From 1917 to 1924 Marie Reidemeister studied mathematics and physics in Göttingen , and in 1919 she also attended art school. Shortly before completing her studies, she met Otto Neurath and a short time later went to Vienna to become his assistant, whom she married, at the Social and Economic Museum. In 1934 the institute was closed by the Dollfuss regime and they emigrated to the Netherlands.

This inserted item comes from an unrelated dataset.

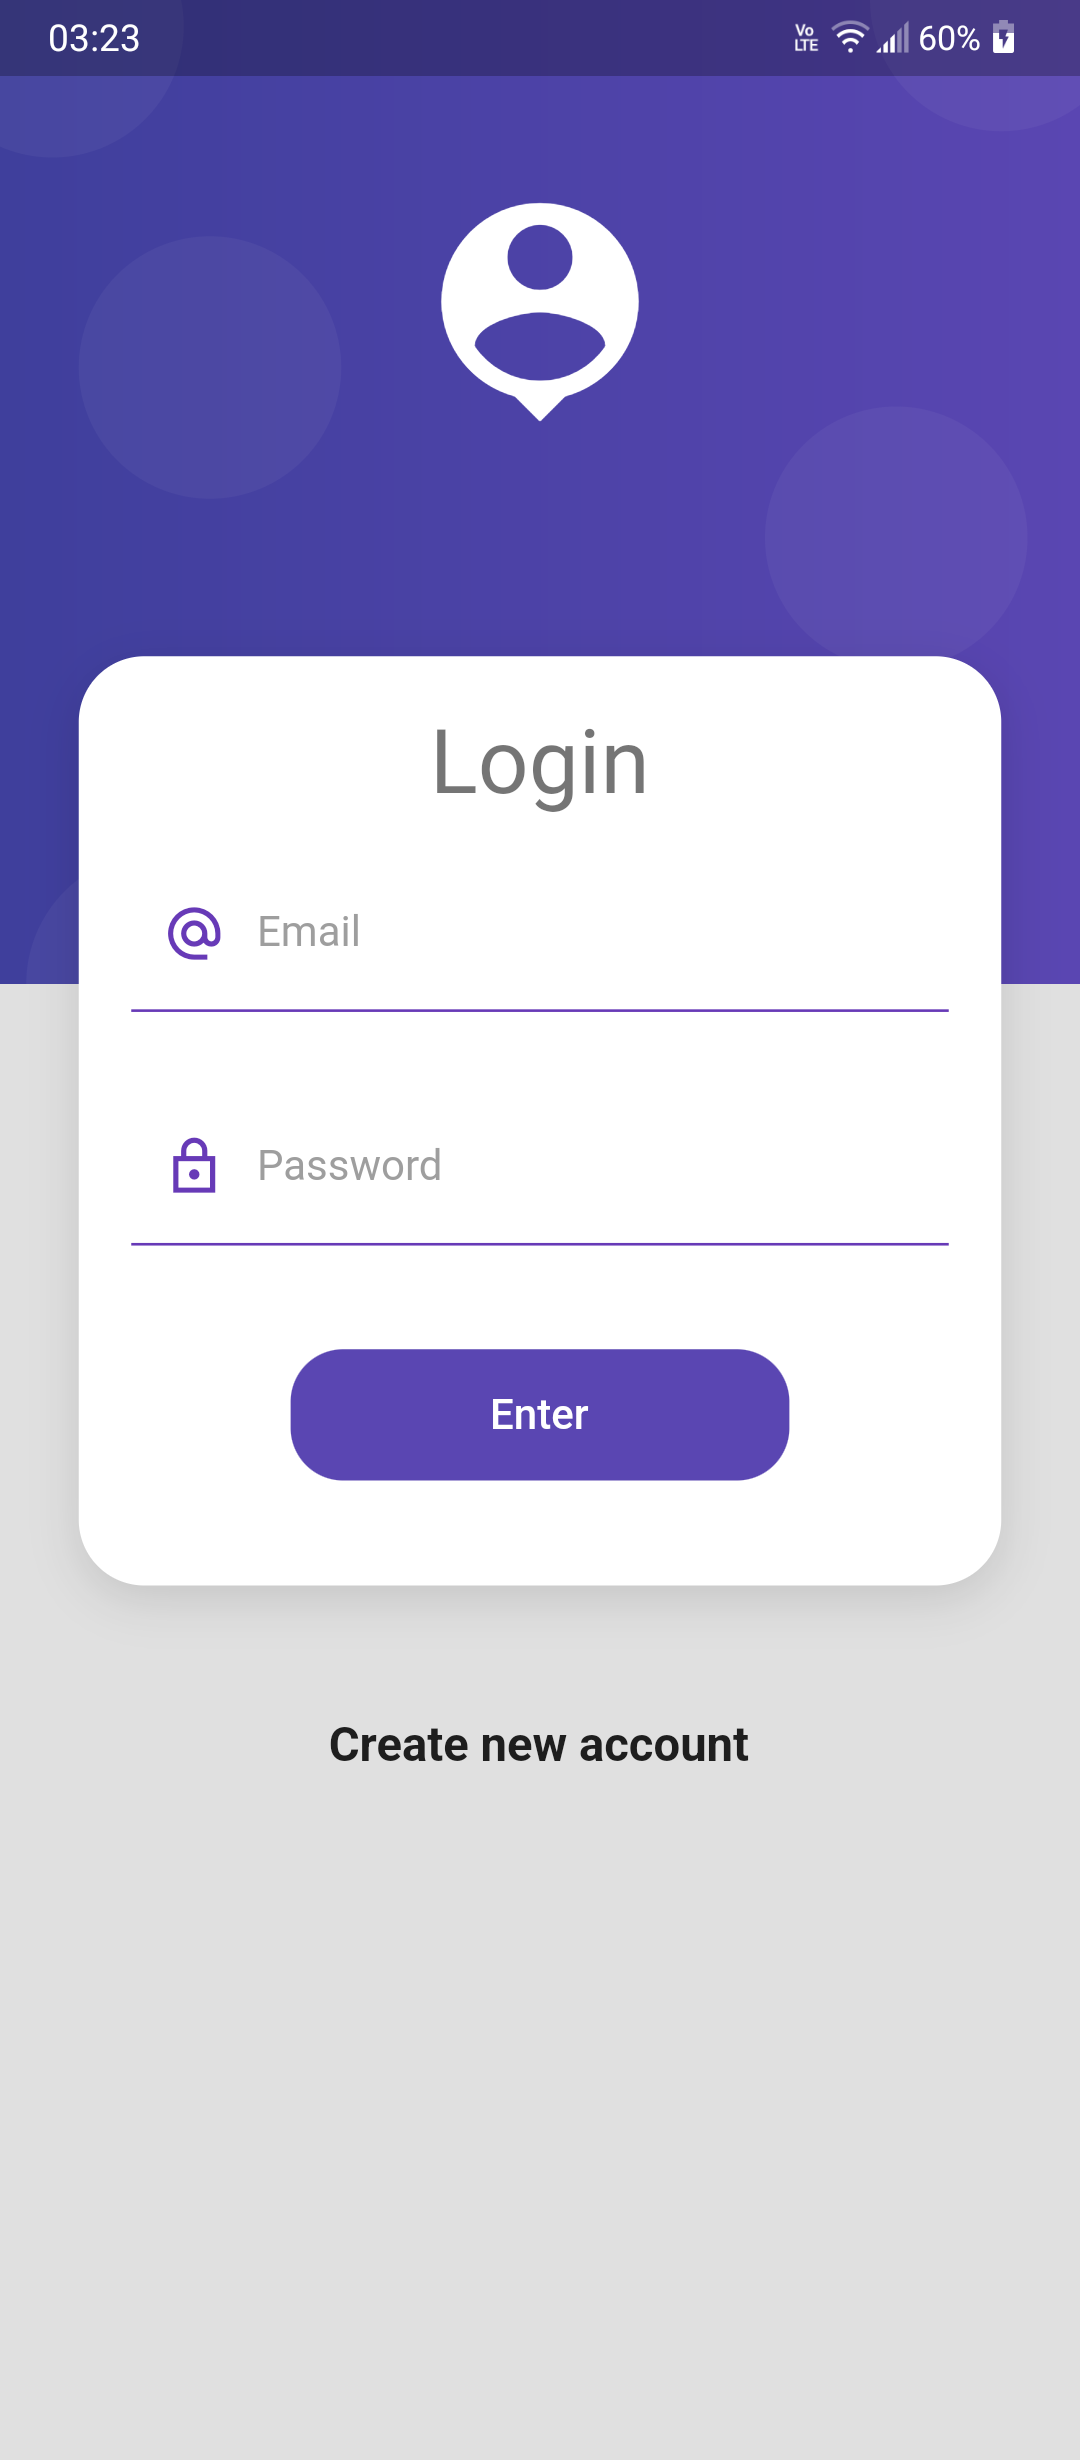 Flutter application that implements a complete login screen with fields validations

During the Second World War they managed to escape to Great Britain in 1940 , where they were briefly interned as enemy aliens on the Isle of Man .

Isotype

The name Isotype (International System of Typographic Picture Education) is mostly associated with Otto Neurath , and more and more often with Gerd Arntz , but it was Marie Neurath in particular who was responsible for the contemporary and current popularity of sign language.

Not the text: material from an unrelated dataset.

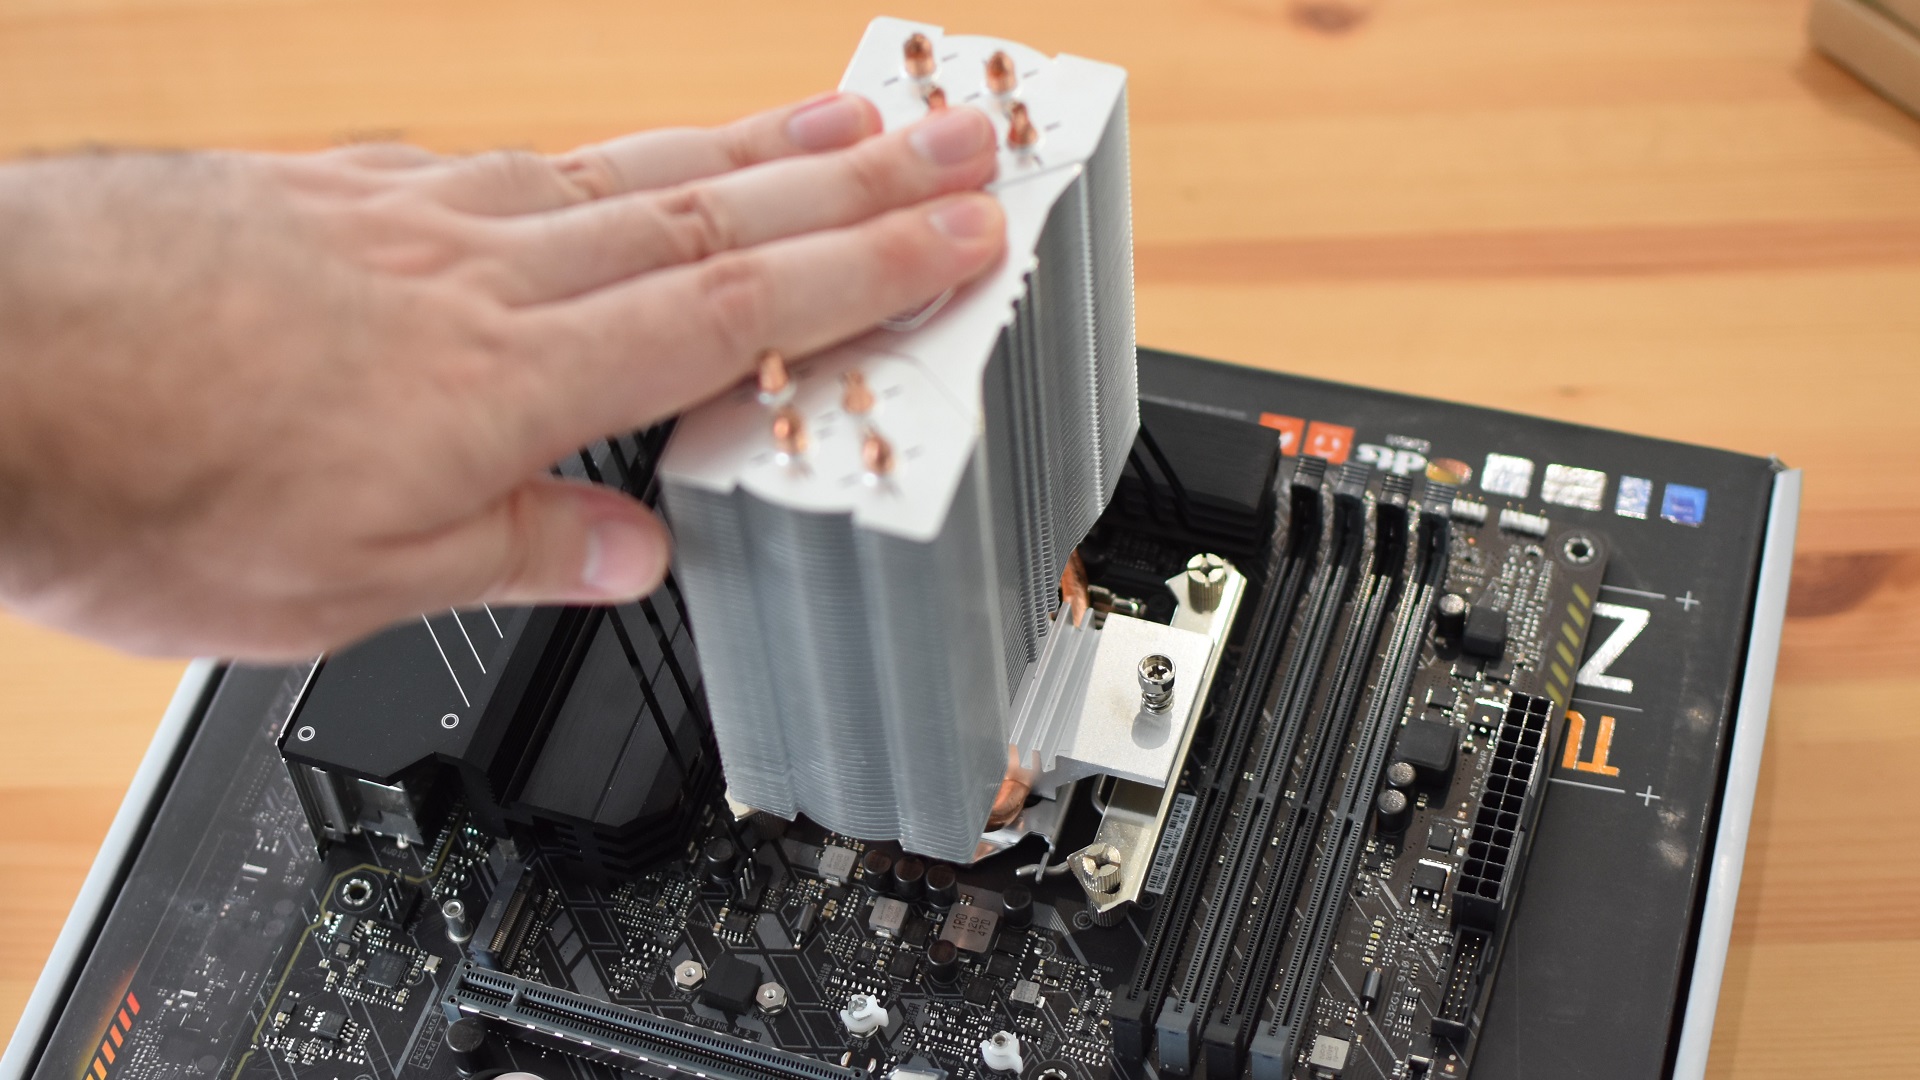 Step 4b of how to install a CPU air cooler: press the cooler down on the CPU and attach it securely to the mounting hardware.

The museum in Vienna was founded to convey the city's social reform program to the population - ISOTYPE, an early form of information design, was developed for this purpose. ISOTYPE saw itself as a method of image statistics, which should make scientific connections understandable to the layman. Based on the views of the Vienna Circle , amounts of data were visualized in such a way that they were easy to understand and remember. The amount of data should not only be visualized, but connections should also be shown, thus promoting the democratization of knowledge. Marie Neurath's role was of crucial importance: While Otto Neurath was collecting the information and Gerd Arntz was creating the pictograms and graphics , she played the role of the transformer. It was she who translated information and data into a visual, easy-to-understand form. It was therefore the link between the professionals who provided the knowledge and the graphic artist and viewers to whom the visualization was aimed. Otto Neurath called this position the trustee of the public . Marie Neurath represented the core of the ISOTYPE method, so to speak. It was also she who continued the ISOTYPE Institute in Oxford after Otto Neurath's death in 1945 and who published and translated numerous of his writings - the fact that the name Otto Neurath is so important today is largely due to her commitment.

literature

  • Robin Kinross: The Transformer - Principles of Making Isotype Charts. London 2009
  • Thomas Rurik: ISOTYPE - On the history of the Enlightenment with picture statistics. In: Form + Zweck No. 4 and 5, 1992
  • Michael Twyman: Graphic Communication Through Isotype. Reading 1975
  • Liz McQuiston: Women in Design - A Contemporary View. London 1988
  • Gerda Breuer , Julia Meer (Ed.): Women in Graphic Design. Jovis, Berlin 2012, pp. 520, 521, ISBN 978-3-86859-153-8 .
  • Christopher Burke / Eric Kindel / Sue Walker (eds.): Isotype: Design and Contexts, 1925–1971. Hyphen Press, 2013, ISBN 9780907259473
  • Ursula Seeber (Hrsg.): Small allies: expelled Austrian children's and youth literature . Vienna: Picus, 1998 ISBN 3-85452-276-2 , p. 148f.

Web links

  • CV at Hyphen Press

supporting documents

  1. ^ Liz McQuiston: Women in Design - A Contemporary View. London 1988, p. 76.